Having HIV is not an independent risk factor for severe COVID-19 and death amongst patients hospitalized with COVID-19, according to a Zambian study published in the Morbidity and Mortality Weekly Report.

However, patients with more severe HIV infections are more likely to develop severe COVID-19 or die of COVID-19 compared to those without complications.

“This finding is consistent with results from smaller studies among hospitalized patients in North America, Europe, and South Africa,” state the authors.

The results highlight that maintaining access, and support for adherence, to antiretroviral therapy (ART) is important for reducing the impact of COVID-19 on individuals and the healthcare system as well as for improving HIV outcomes.

Research into the effect of HIV on COVID-19 outcomes has so far yielded mixed results.

A large South African study found that having HIV doubled the risk of death from COVID-19, and these findings have been supported by two UK studies.
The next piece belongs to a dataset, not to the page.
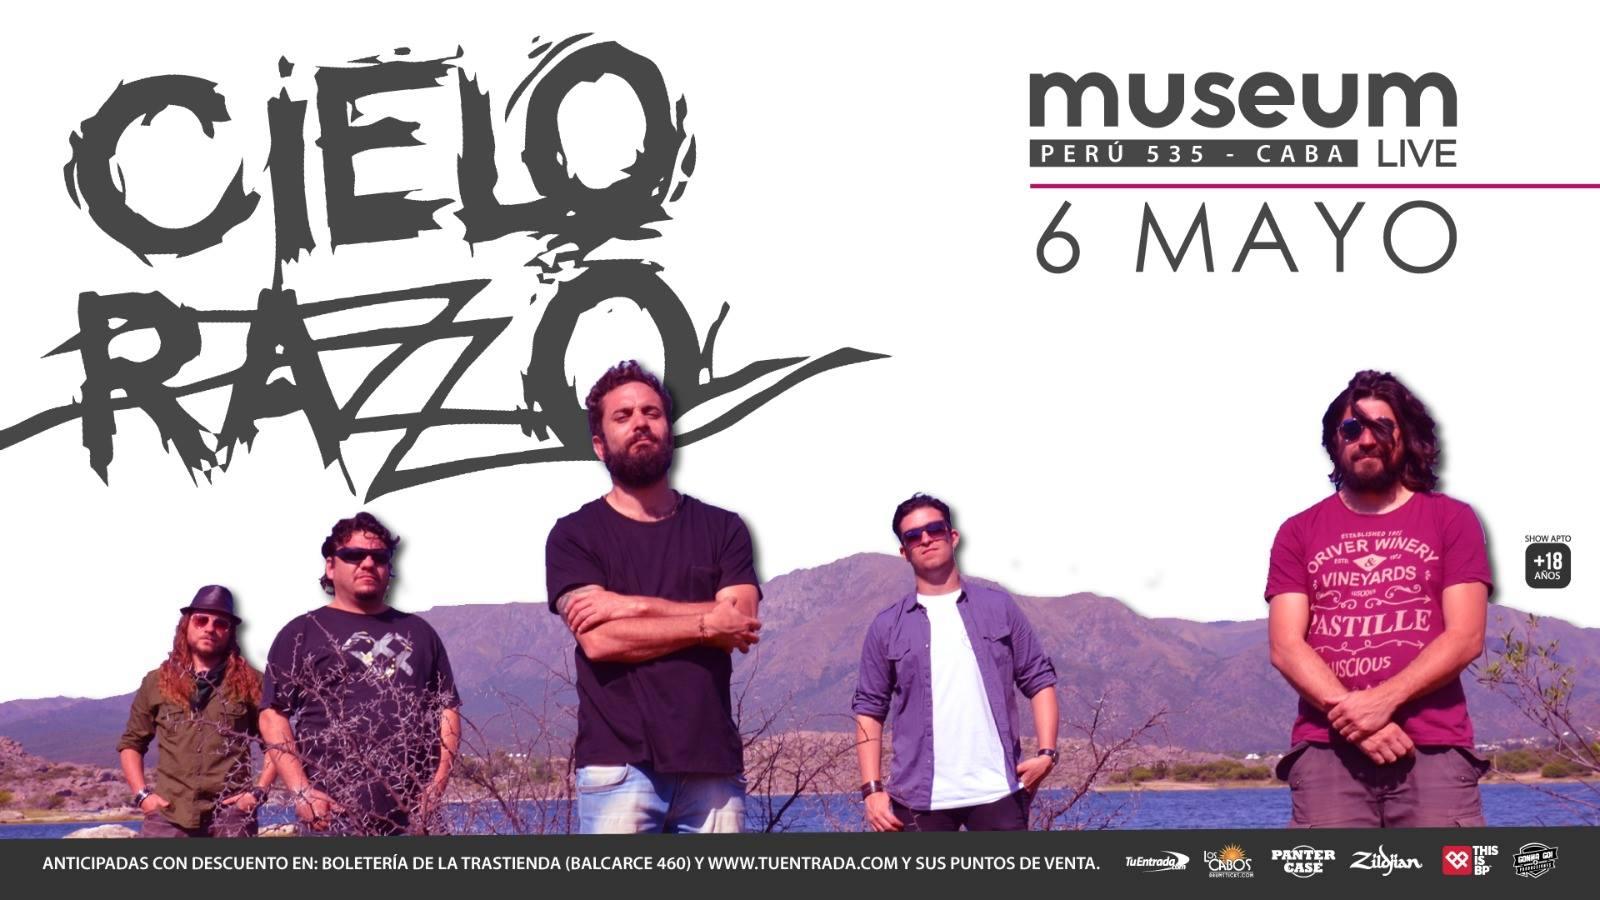 Cielo Razzo Museum mayo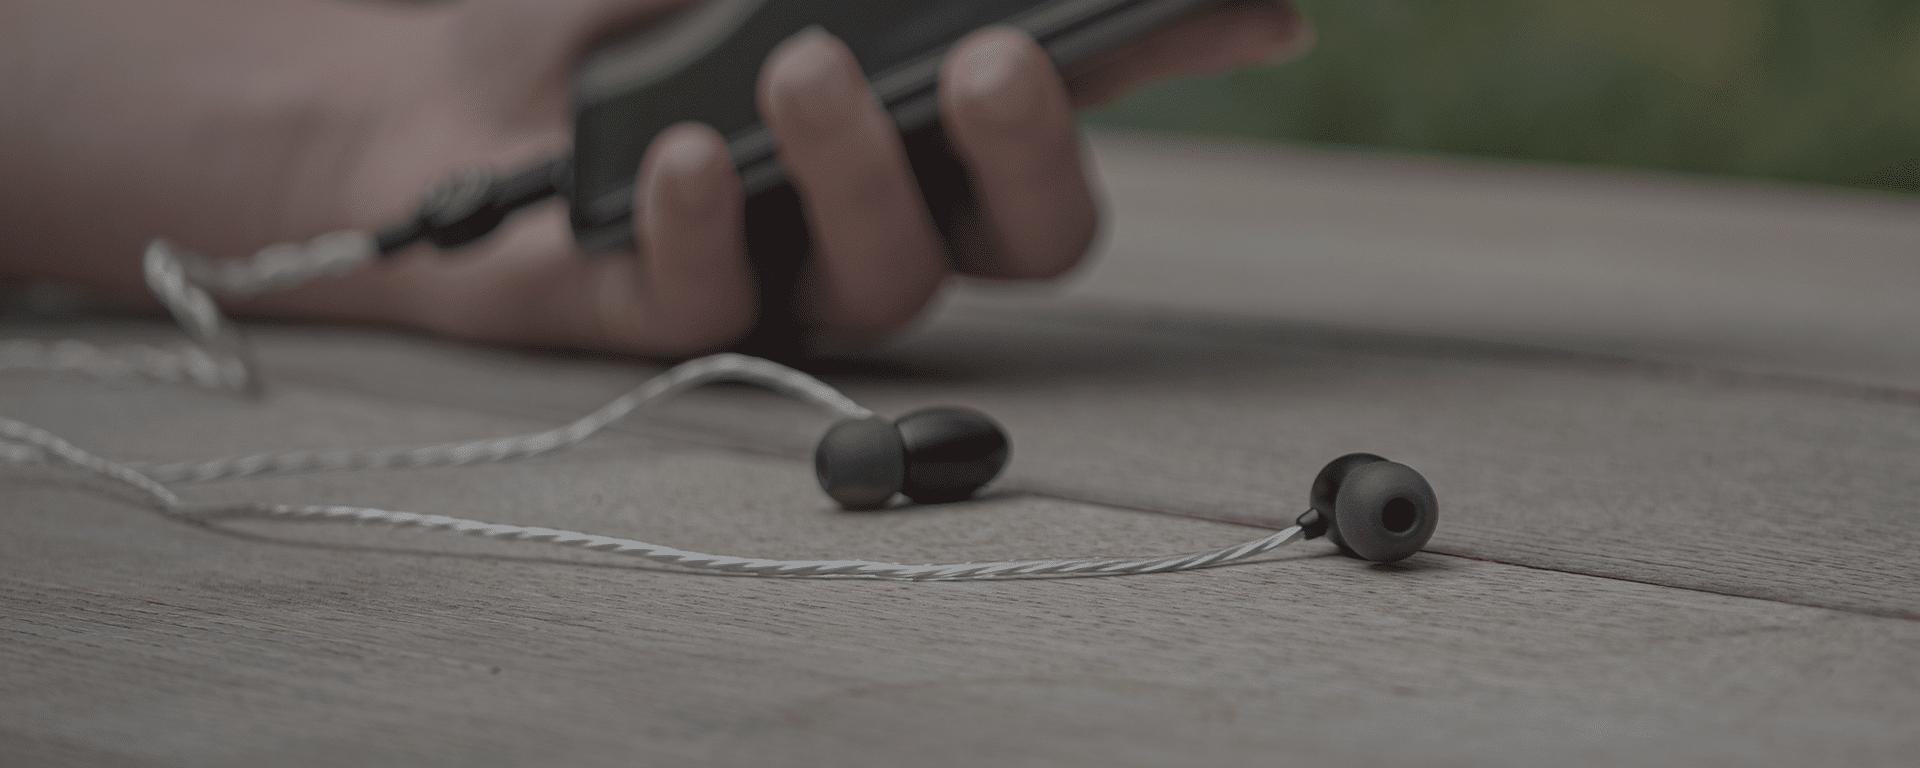 Megaclite 4.0 USound MEMS speakers based

However, other research from the UK and US suggest that HIV is not an independent risk factor for more severe COVID-19 and death.

Like many sub-Saharan African countries, the prevalence of HIV in Zambia’s general population is very high (around 12%) and its healthcare system’s capacity to treat severe COVID-19 is limited.

Understanding whether HIV increases the risk of severe COVID-19 and death is therefore of urgent importance in this context.

Accordingly, a team of researchers led by Dr. Duncan Chanda of the Ministry of Health undertook a prospective cohort study of COVID-19 patients admitted for care in five specialised COVID-19 treatment centres in four Zambian cities between March and December 2020.

Their aim was to establish whether COVID-19 patients living with HIV were at greater risk of severe COVID-19, at admission or during hospitalization, and death.